Эта деталь важна для понимания особенностей языковой реальности произведения, которая целиком строится из речи рассказчика, бывшего таллинца, чьего настоящего имени никто не знает, потому что он его, как и свое «эстонское происхождение», скрывает, называя себя Евгением Сидоровым из Ялты. Как следствие — окружающие зовут его когда Женей, когда Йоганом, а когда Юджином. Попутчики и знакомые Юджина — это «азулянты», которые проводят дни и месяцы в «кэмпе» города Фарсетрупа на Юлланде, ожидая рассмотрения своего «кейса» и, при благоприятном исходе, получения «позитива». На всякий случай немного пояснений: «азулянт» (а чаще — «азюлант», от немецкого azyl) — человек, ожидающий или получивший статус беженца, то есть «позитив», а пока коротающий время в лагере где-то в Ютландии.

Казалось бы, обычный стилистический прием — речевая характеристика героя, находящегося в смешанной языковой эмигрантской среде и не более того. Но язык здесь в самом буквальном смысле определяет не только сознание, но и реальность, делая из конкретной географической местности под названием Ютландия неведомый фантастический Юлланд, который населяют жуткие разбойные опустившиеся азулянты, способные жить в одной комнате с трупом, только чтобы потянуть время и не возвращаться в лагерь; сломать ногу матери, чтобы таким образом избежать депортации. Они беспробудно пьют, курят гашиш, воруют и вообще существуют в каком-то параллельном призрачном слое, о котором, кажется, добропорядочный датчанин даже и не подозревает («Но боже мой, если б датчане могли хотя бы раз заглянуть в те сны, которые снились азулянту; если б они могли хотя бы раз услышать, как шумел поток сознания азулянта. Если б они могли понять, что это за турбулентная жуткая река; сколько в ней камней, сколько щебня, взвесей страха, как давит ил сплина… Если б датчане знали, как у азулянта болела голова, они бы им все простили, все, даже воровство»). Впору вспомнить «Путешествие в город мертвых» Тутуолы и специалиста по пальмовому вину, плутающего по потустороннему миру.

Но наберите в строке поиска «юлланд», и первой же ссылкой выпадет русскоязычный форум с бесхитростным «предлогаю всем нашим кто живет на ЮлландеВайле, Колдинг, Хорсенс, Орхус или возлеоткликнуться», который вернет вас к действительности.

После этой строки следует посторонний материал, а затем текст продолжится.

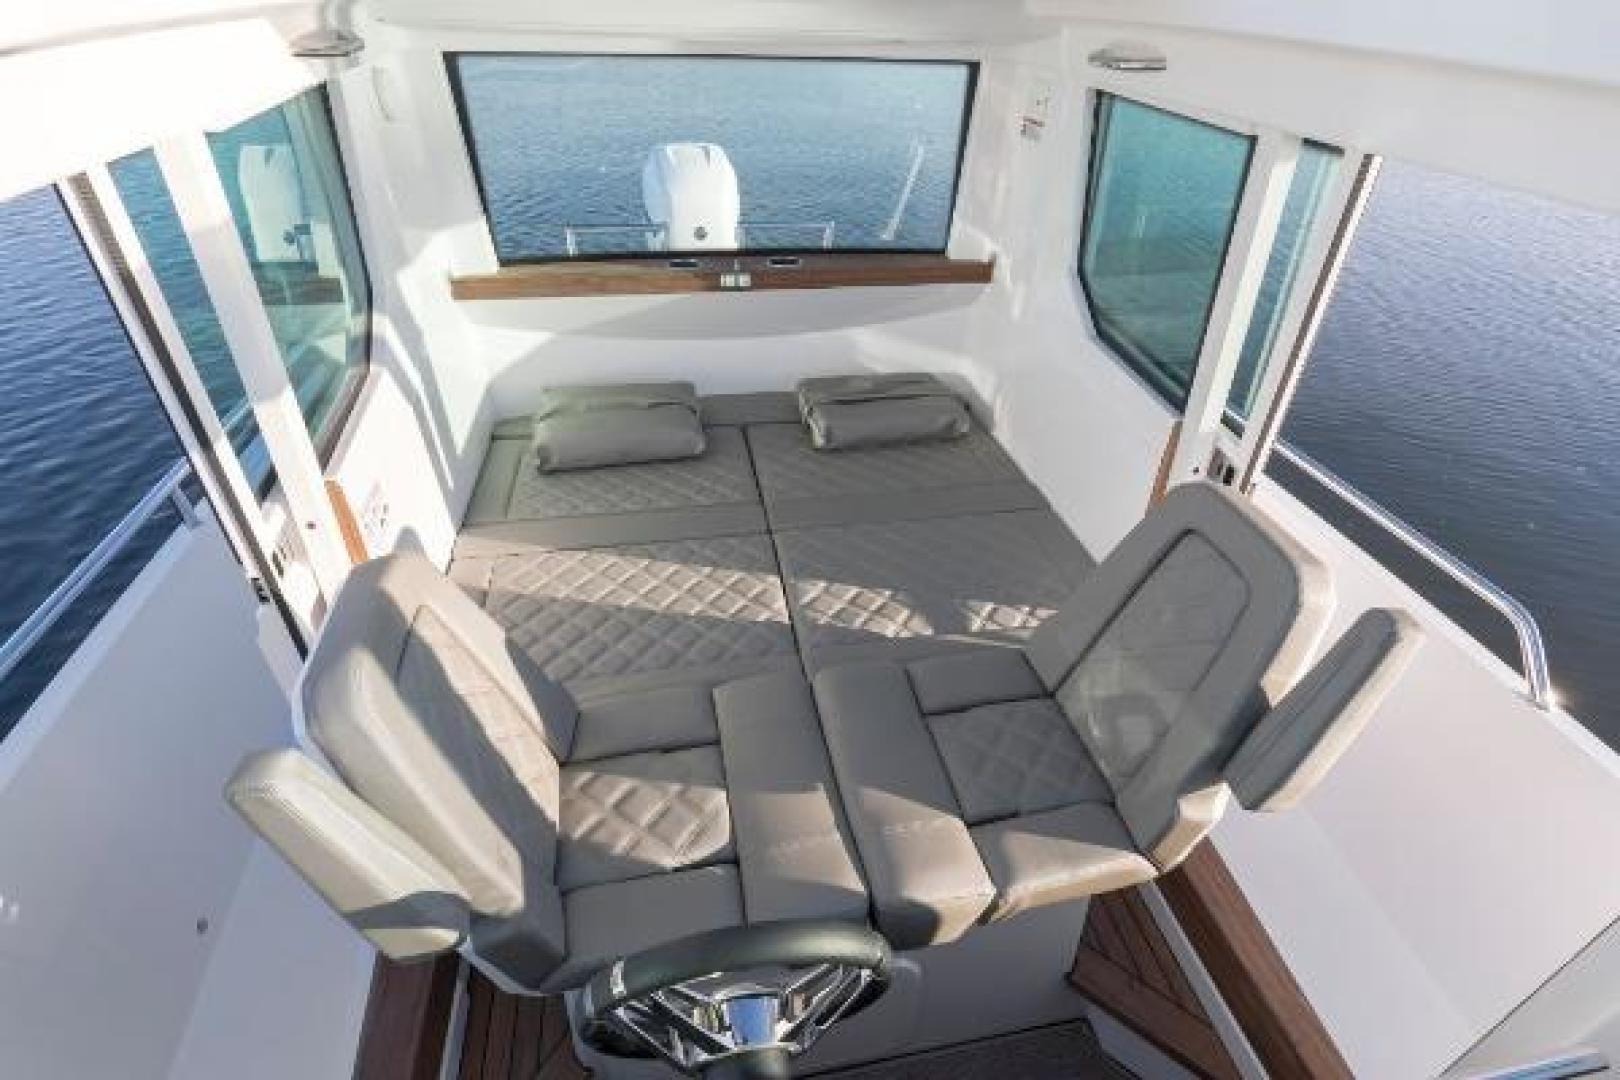 Axopar-28 CABIN 2021-Axopar 28 CABIN Palm Beach-Florida-United States-1531492 | Thumbnail

И это первый парадокс, который держит повествование: реальность, описываемая ярко, подробно и даже весьма натуралистично, превращается в фантастическое «нигде», населенное дикими персонажами, разговаривающими на диком языке. Вот поссорились между собой две девочки: «Это не твое дело, мой друг! Соображаешь? Никогда не спроси меня почему? Почему твой папа не пялит твой мама? Это не мое дело! Меня не колышет! Почему ты живешь в лагере? Никто не знай, почему нету позитив, а твой папа жрет говно, потому нету денег, ничего нету! Иди спроси свой папа почему он жрет говно и почисти его жопу!» Да что же дикого, обычный пиджин — и это тоже будет правдой. Герои живут в буквальном смысле между двумя мирами — между двумя странами, между двумя как минимум языками; их уже нет на родине, но и еще совсем нет здесь, в Дании. Это промежуточное состояние и тела, и сознания, в котором находятся среди прочих Юджин и его спутник индус Хануман.

Сюжет образуют скитания Юджина и Ханумана по датским углам и трущобам, среди которых главным пристанищем и центром притяжения становится ненавистный лагерь в Фарсетрупе. Собственно, они все время возвращаются, и это еще одна точка напряжения — отчетливость цели и отсутствие движения. Хануман одержим разными идеями, в том числе идеей попасть на Лолланд (или Лолланн — остров в Балтийском море, популярный датский курорт), но эта мечта остается как будто сама по себе, и никто ничего не делает, для того чтобы ее осуществить. Да и действия как такового нет, есть сменяющие друг друга эпизоды, как из прошлого, так и из настоящего. Так, вдруг рисуется широкая картина российской действительности с пьяным инвалидом дядей Семой, городом Ермаком на Иртыше, службой на флоте на Каспийском море, а потом смена кадра — и опять коммунальное житье в Фарсетрупе.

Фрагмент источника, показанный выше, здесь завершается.